Guerino Neto

Personal information
- Full name: Guerino Minervino Neto
- Date of birth: 24 March 1950 (age 75)
- Place of birth: São Paulo, Brazil
- Height: 1.82 m (6 ft 0 in)
- Position: Striker

Senior career*
- Years: Team / Apps / (Gls)
- 1968–1972: Nacional de Uberaba / ? / (?)
- 1972–1973: Atlético Mineiro / 30 / (1)
- 1973–1974: Nacional / ? / (9)
- 1974–1983: PAOK / 233 / (66)
- 1983–1985: Apollon Kalamarias / 40 / (8)
- Total:  / 303 / (84)

Managerial career
- 1993: Veria

= Neto Guerino =

Brazilian footballer

Guerino Minervino Neto (born 24 March 1950), commonly known as Neto Guerino, is a Brazilian former footballer who played as a striker.

==Career==
In the early 1970s, Guerino played for Atlético Mineiro and Nacional in the Campeonato Brasileiro, before moving abroad to play in Greece.

In 1974, he joined PAOK, being a key member of the squad that won the 1976 league title, scoring 11 goals in 30 matches.
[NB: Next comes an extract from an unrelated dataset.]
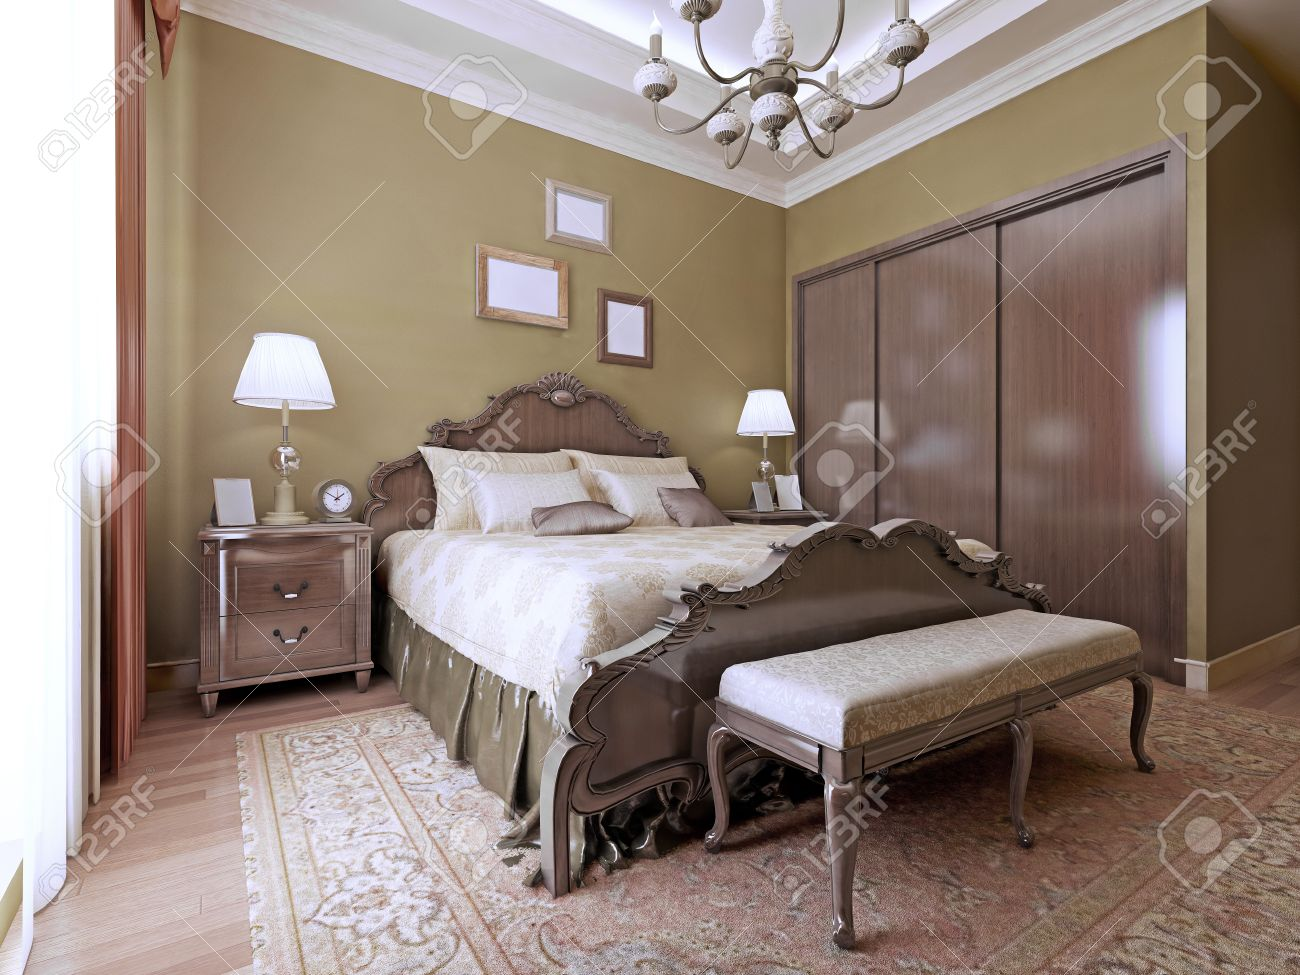 Luxury Bedroom English Style Luxurious Bed With Headboard Handmade

On 2 May 1976, PAOK prevailed 1–0 over title contenders AEK Athens with Guerino scoring the winner at the 89th minute, giving the Double-Headed Eagle of the North a four-point lead (point system 2–1–0) that almost clinched the title. The photo of Guerino's celebration, hanging on the railings of Toumba Stadium's Gate 4, has become iconic, as it depicts the moment that the team sealed its first ever league title and the outburst of PAOK fans. Regarded as one of the best foreign players in club's history, Guerino wore the No 11 white-black jersey for over nine years, netting 66 goals in 233 league appearances.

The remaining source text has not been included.